DESCRIPTION OF THE TASK — Without including any pictures, copy each entry below exactly.

INPUT —
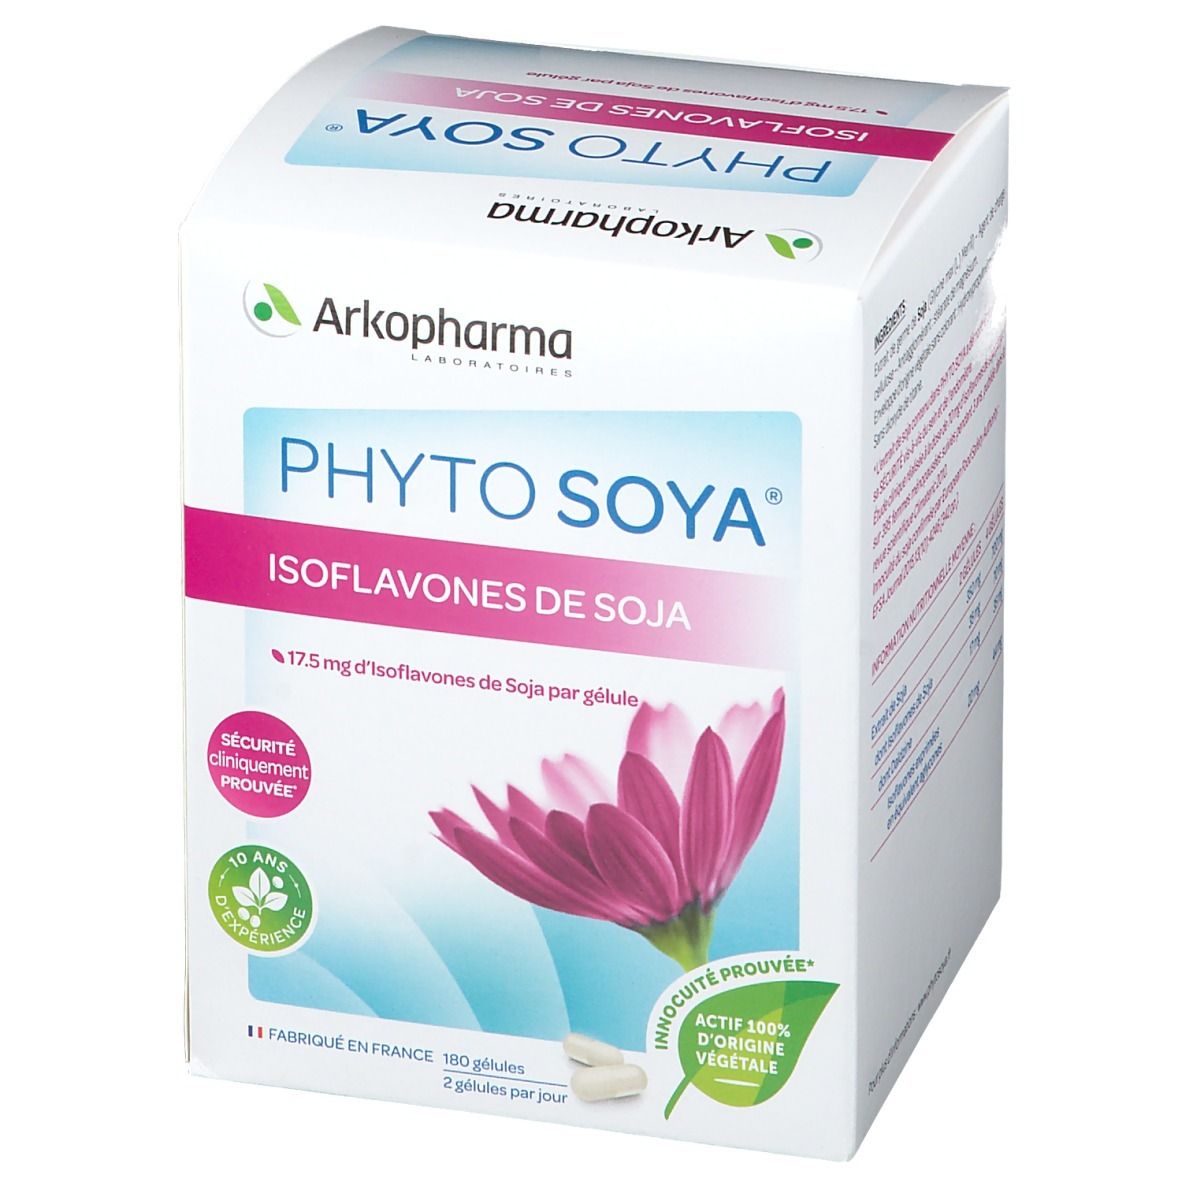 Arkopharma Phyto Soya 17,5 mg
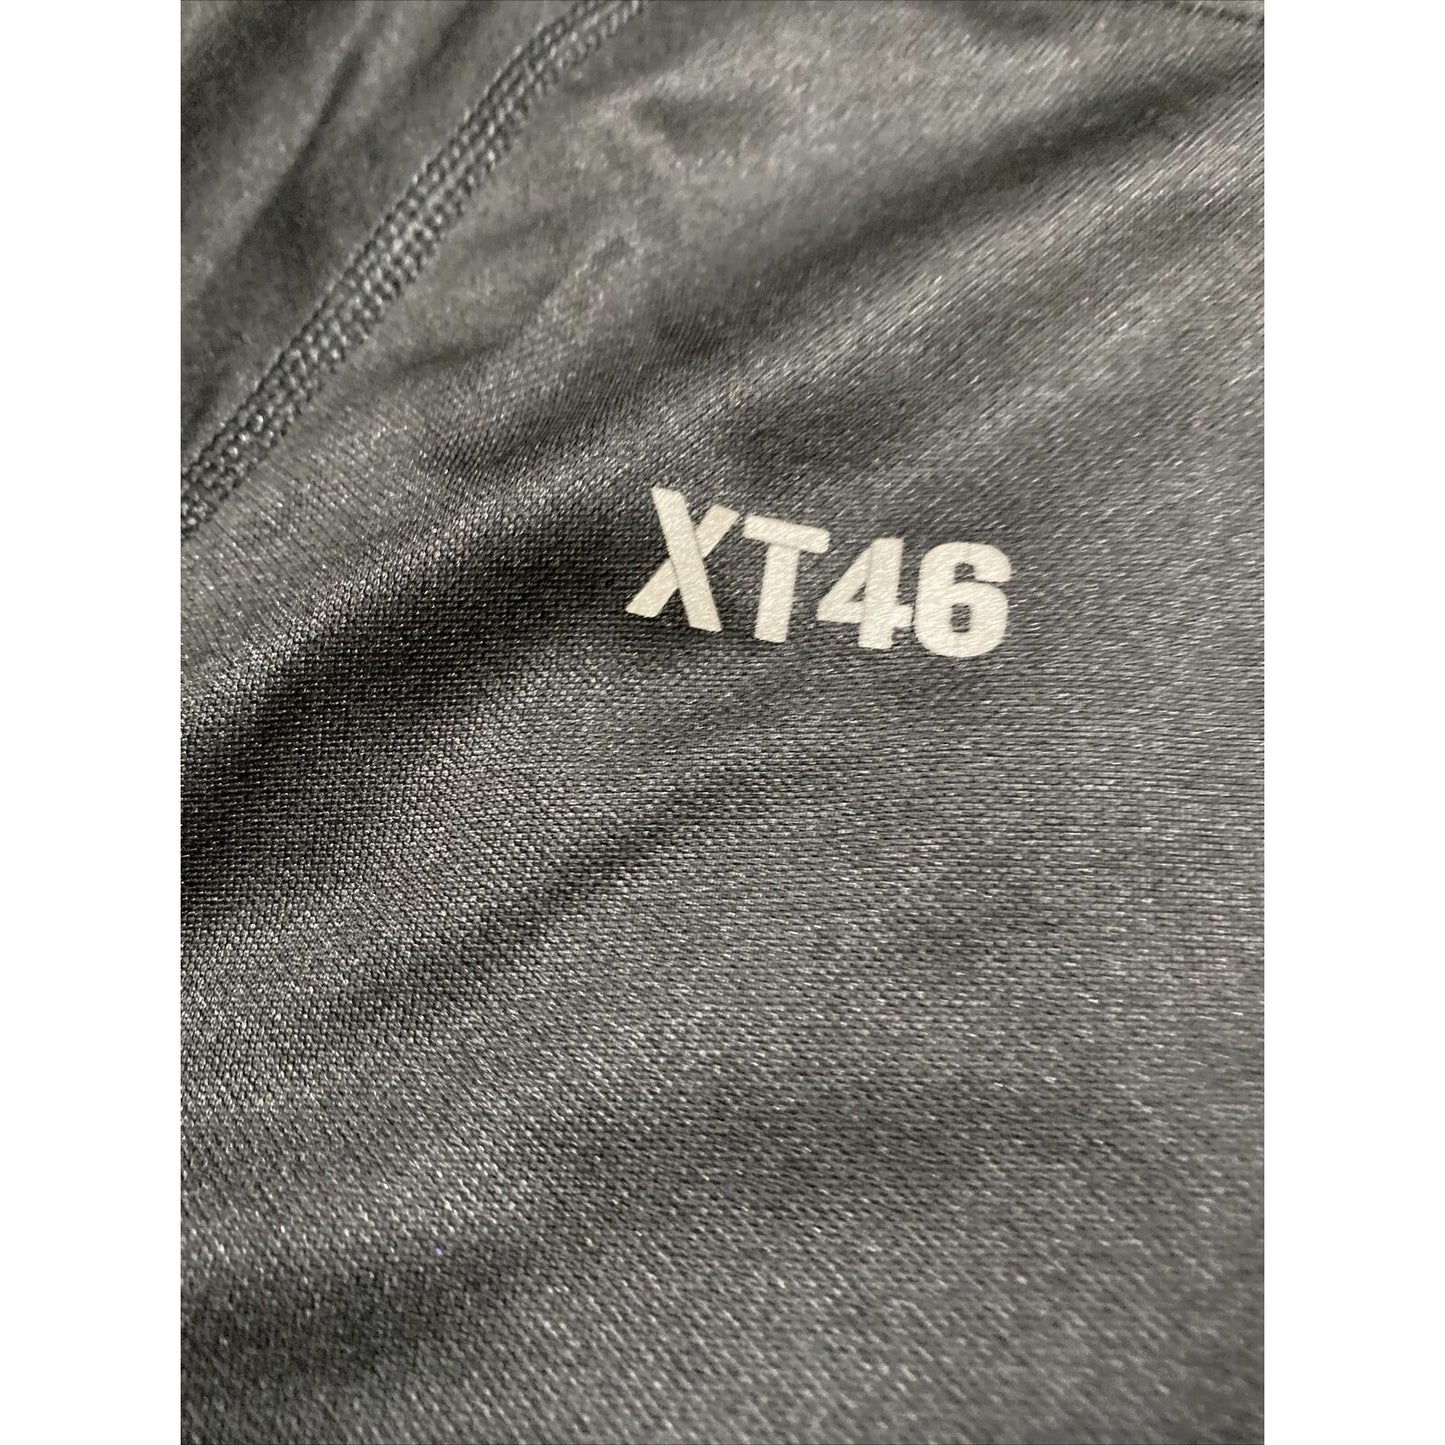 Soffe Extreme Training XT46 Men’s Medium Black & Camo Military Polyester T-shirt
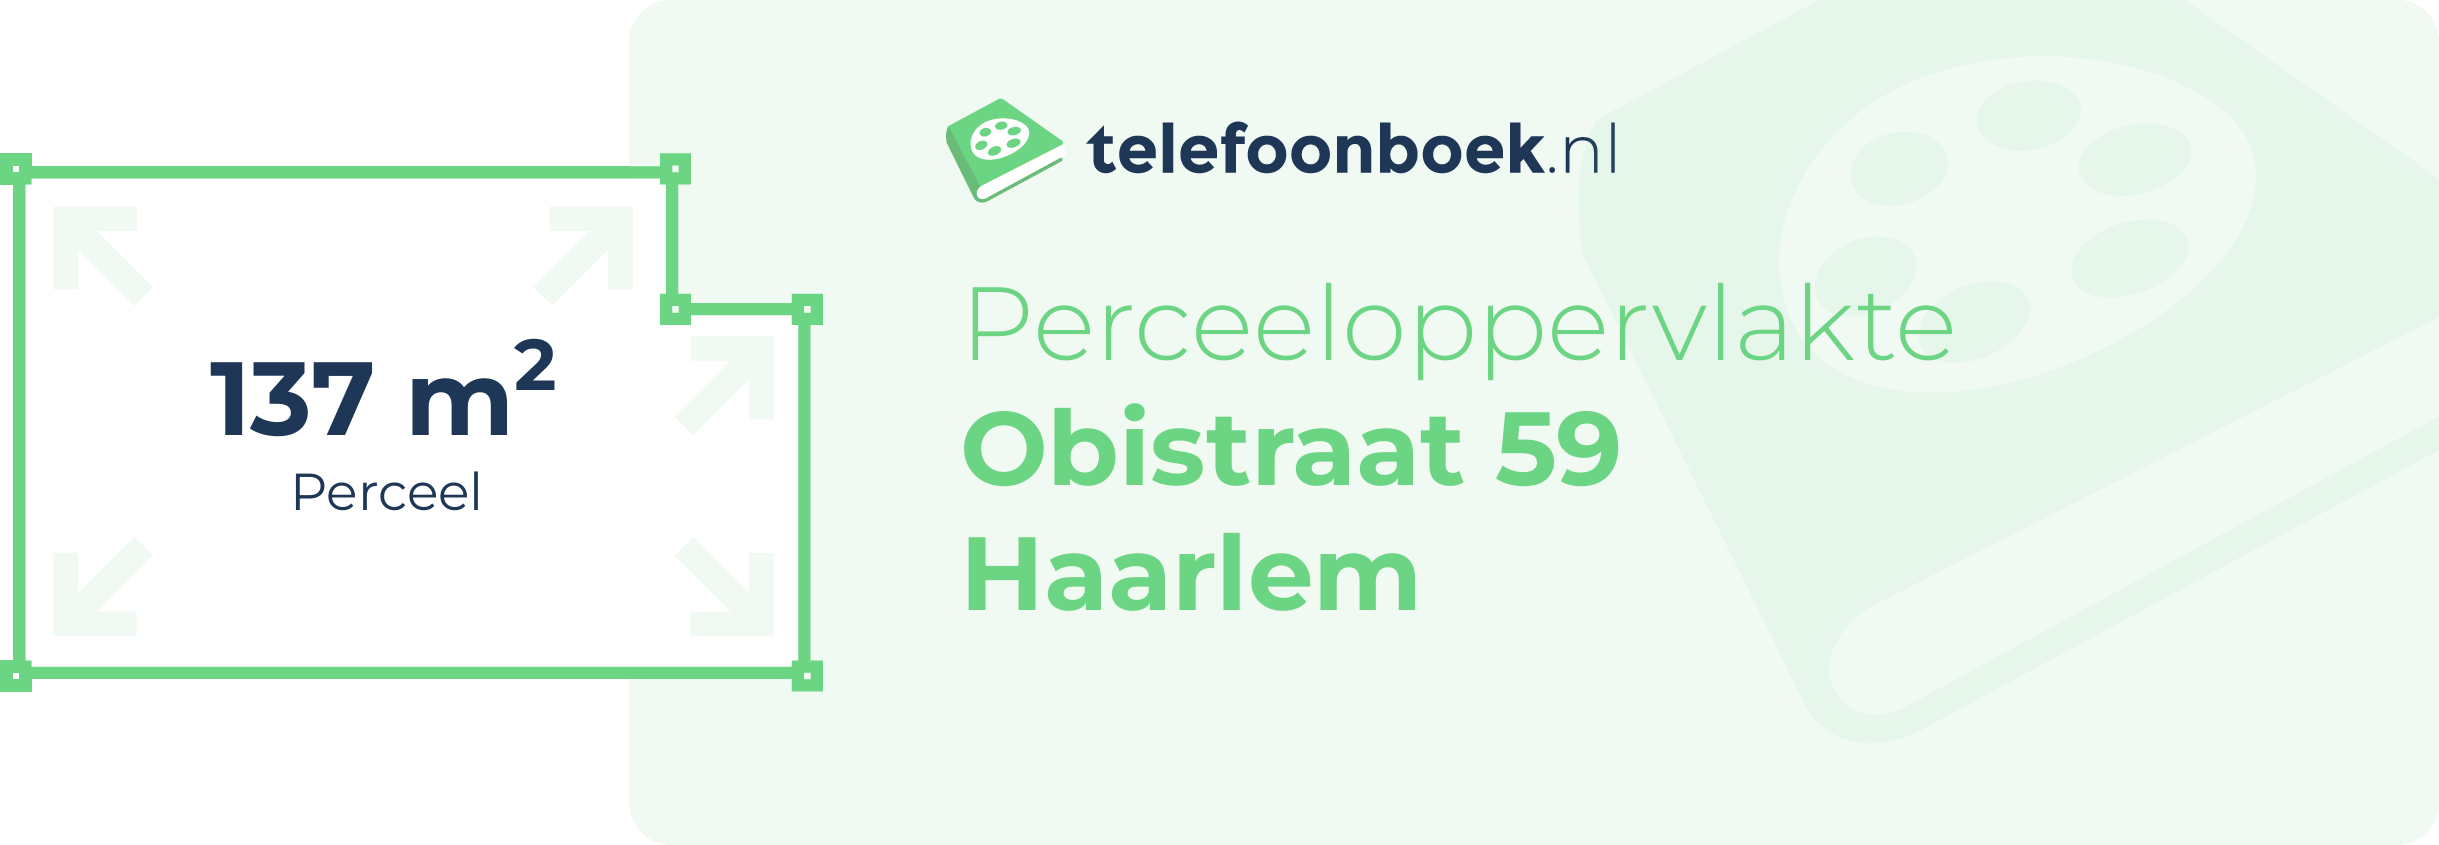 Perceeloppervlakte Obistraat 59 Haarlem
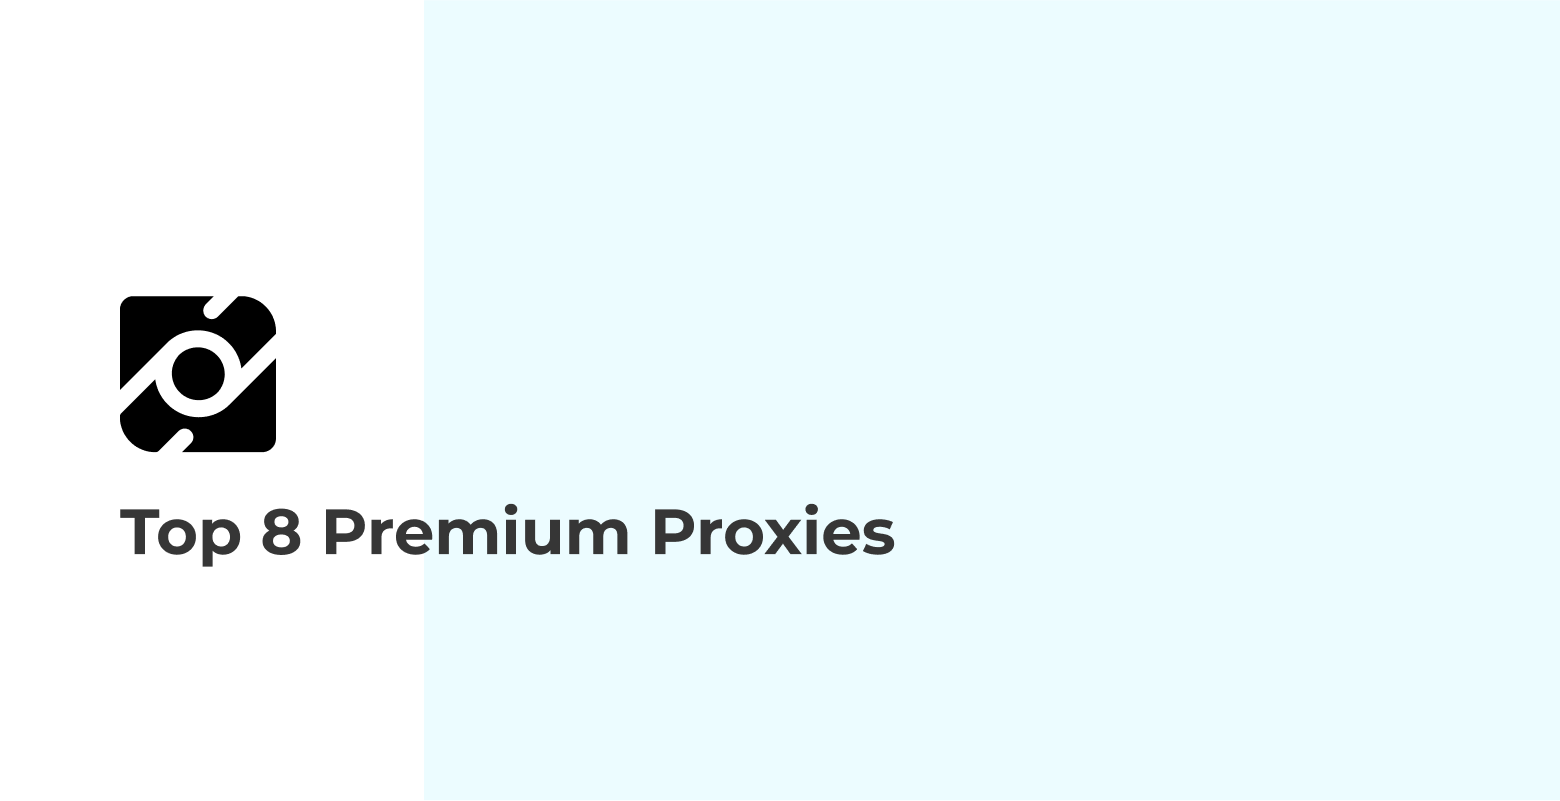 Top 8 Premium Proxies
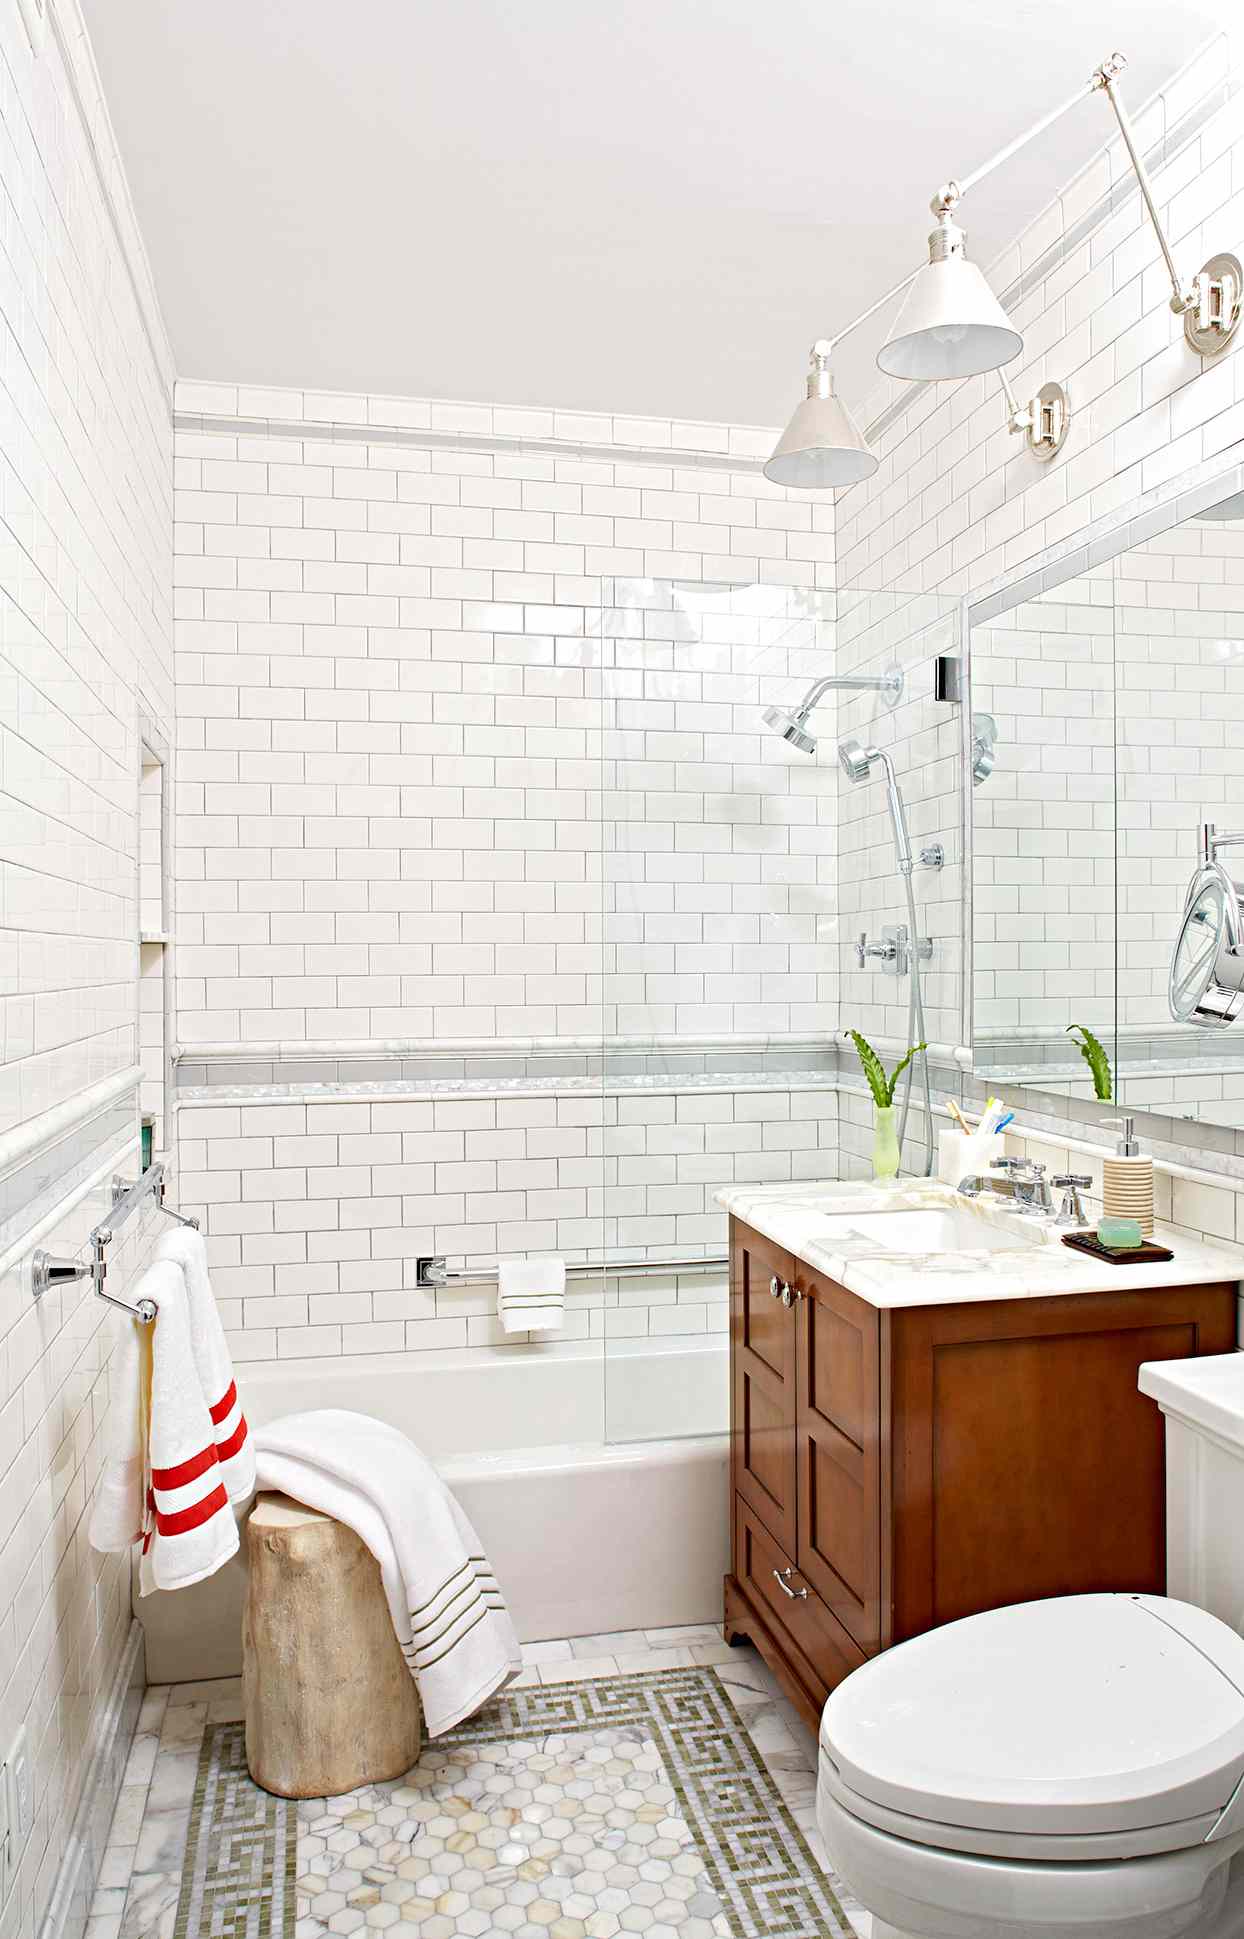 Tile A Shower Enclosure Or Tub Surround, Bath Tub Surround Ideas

RESULT —
 Arkopharma Phyto Soya 17,5 mg
 Soffe Extreme Training XT46 Men’s Medium Black & Camo Military Polyester T-shirt
 Perceeloppervlakte Obistraat 59 Haarlem
 Top 8 Premium Proxies
 Tile A Shower Enclosure Or Tub Surround, Bath Tub Surround Ideas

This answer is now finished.